This was part of the Venice Film Festival press kit on the Spaghetti Western Retrospective. It included a list that's pretty much posted here already. Besides the same list of films it listed two retrospective events.
Retrospective eventsUna Questione poco privata - Conversazione con Giulio Questi (2007) by Gianfranco Pannone
Gonin no shokin kasegi (The Fort of Death, 1969) – di Kudo Eiichi
The articles at the referenced website seemed to be Italian only.
The 64th Venice Film Festival and Telecom Progetto Italia
present the retrospective sectionSpaghetti Westerns - The Secret History of Italian Cinema 4
The new series of screenings and restorations for the Secret History of Italian Cinema 4, part of the programme of the 64th Venice Film Festival (29th August - 8th September 2007), will be devoted to the Spaghetti Westerns. The Festival is directed by Marco Müller and organised by the Fondazione La Biennale di Venezia, chaired by Davide Croff. The project is realized by the Festival with Telecom Progetto Italia (the subsidiary of Gruppo Telecom Italia that organises cultural events throughout the country, involving bodies, institutions and the public in the rediscovery of Italy’s cultural and artistic heritage), with the support of the Ministero per i Beni e le Attivit Culturali, in partnership with Centro Sperimentale di Cinematografia – Cineteca Nazionale and with the participation of Cineteca di Bologna, Cineteca del Friuli e Cineteca Lucana.
As part of the permanent activities and cultural holdings that have been rediscovered and restored, the selection of the Spaghetti Westerns represents the ideal continuation of the work undertaken with the Secret History of Italian Cinema, started in 2004, and which has, for the past four years, successfully revamped the recovery of the ‘invisible’ Italian cinema, alongside the parallel initiatives of the Secret History of Asian Cinema in 2005 and Secret History of Russian Cinema in 2006.
The Secret History of Italian Cinema 4 - Spaghetti Westerns programme is curated by Marco Giusti and Manlio Gomarasca, with L’Officina Filmclub (Paolo Luciani and Cristina Torelli), in collaboration with leading Italian and foreign scholars of films of this genre.
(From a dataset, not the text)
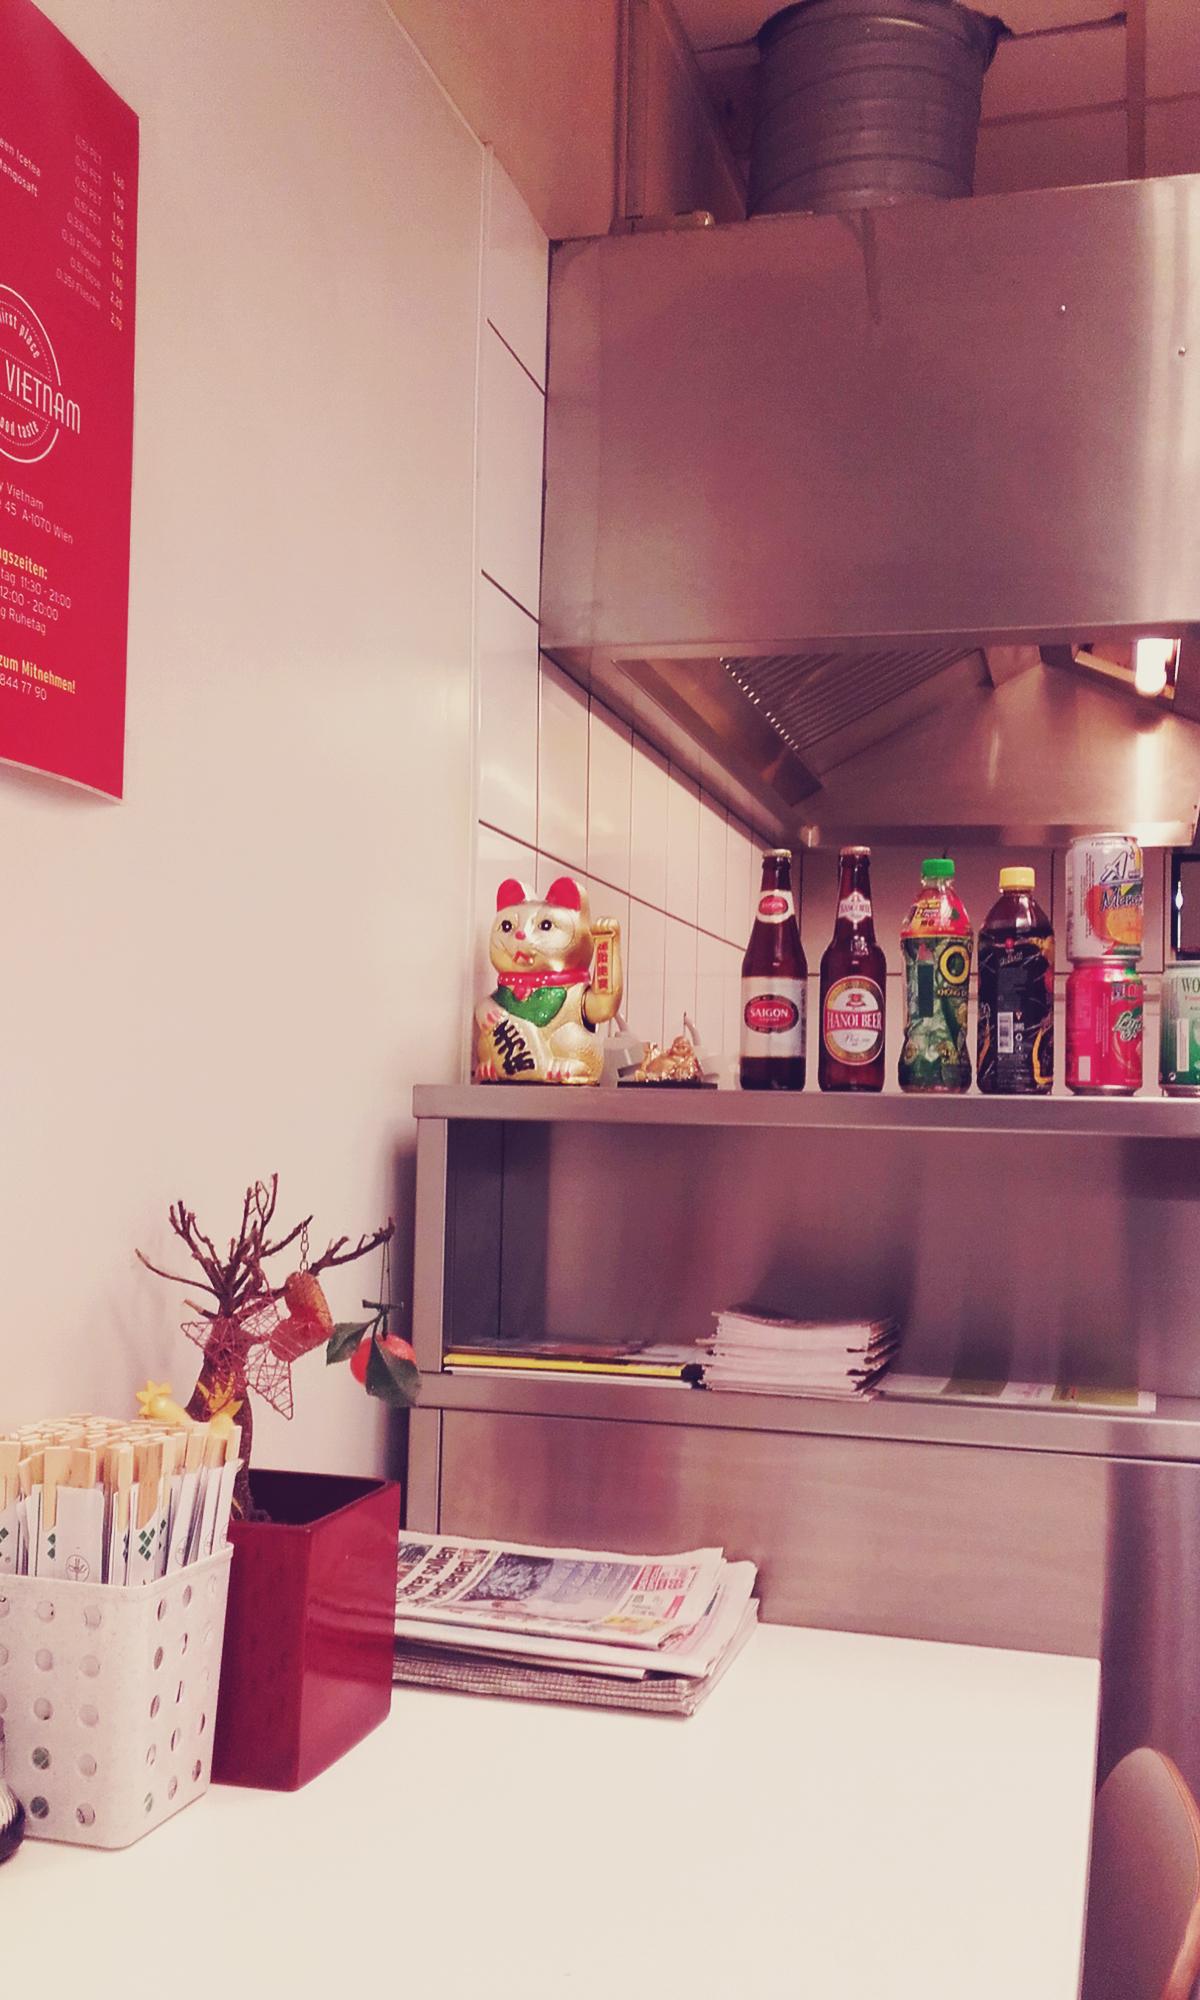 vietnamese, take-out, travel, eat, Vienna

It will include the screening of 31 Italian feature films (and of a surprising Japanese Spaghetti Western) during the 64th Venice Film Festival, selected on the basis of the relationship between great importance and high degree of ‘invisibility’: films that have not been in circulation for at least two decades, here restored and reconstructed in their integral version, which Telecom Progetto Italia will also support through an in-depth analysis activity on its own website
www.telecomprogettoitalia.it.
As for the first edition of the Secret History of Italian Cinema in 2004, the “godfather” of this initiative will be the great American film-maker, Quentin Tarantino, a profound connoisseur and admirer of Italian cinema. Alongside Tarantino, directors, producers, actors, script-writers, photographic directors and stuntmen will also be present in Venice.
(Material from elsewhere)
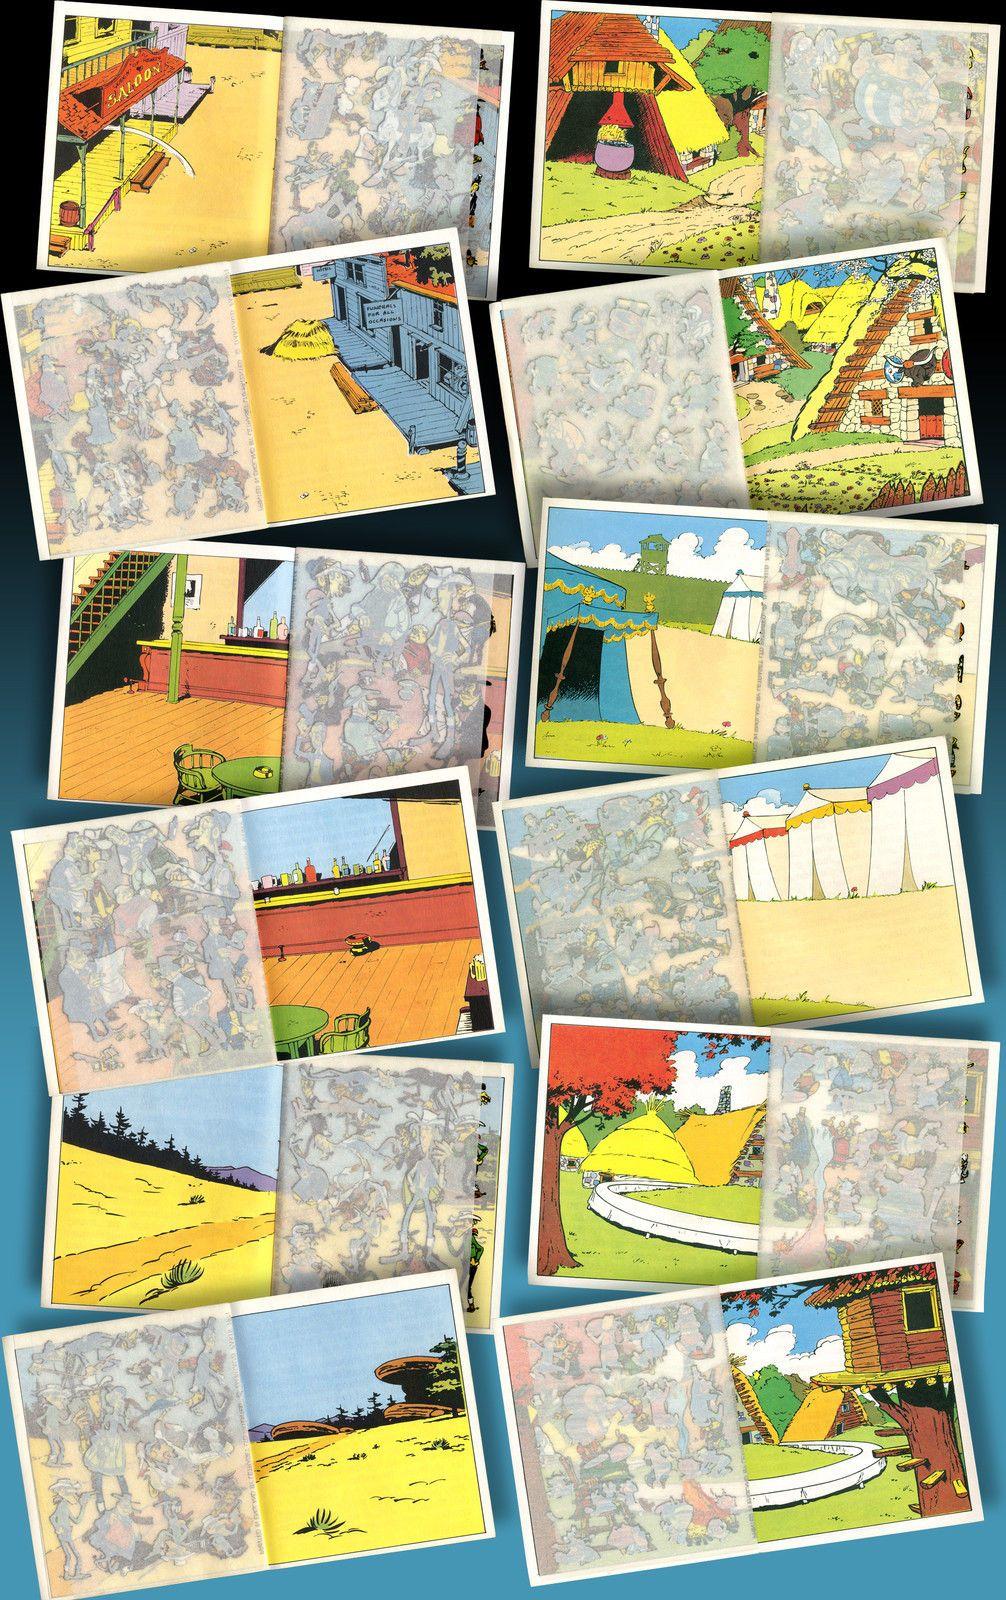 Rubbelbild Heftchen Mini Bucher Asterix Luky Luke 1971 In Box Americana Kalkitos Childhood Retro Quilts

The appeal of the “Spaghetti Western”, our “Western in the Italian way”, more than 40 years after the release of Sergio Leone’s A fistful of dollars, seems as strong as ever, considering the homage recently paid to this genre from different directors, such as Tarantino, and also Martin Scorsese, Johnnie To and John Woo in their films. Spaghetti Westerns are the films that have done most to influence the image of popular cinema in the past few decades, and which have founded one of the most important currents in “New Cinema” (and political cinema) Italy has ever known.
The homage of the 64th Venice Film Festival to Spaghetti Westerns does not end with the retrospective of the Secret History of Italian Cinema 4: as occurred in 2006 with Johnnie To’s Exiled and with Piotr Uklanski’s Summer Love, there will be many contemporary and new references to the spaghetti Western present this year, offered as world premieres in the various sections of the Festival. There will be no lack of surprises in this regard, bearing witness to the still fruitful influence of the “Italian-style Western”, an infinite, timeless genre, on many film-makers from different continents. The two brand new spaghetti western presented in world premiere at the 64. Festival are Sukiyaki Western Django (2007) by Miike Takashi and Searchers 2.0 (2007) by Alex Cox.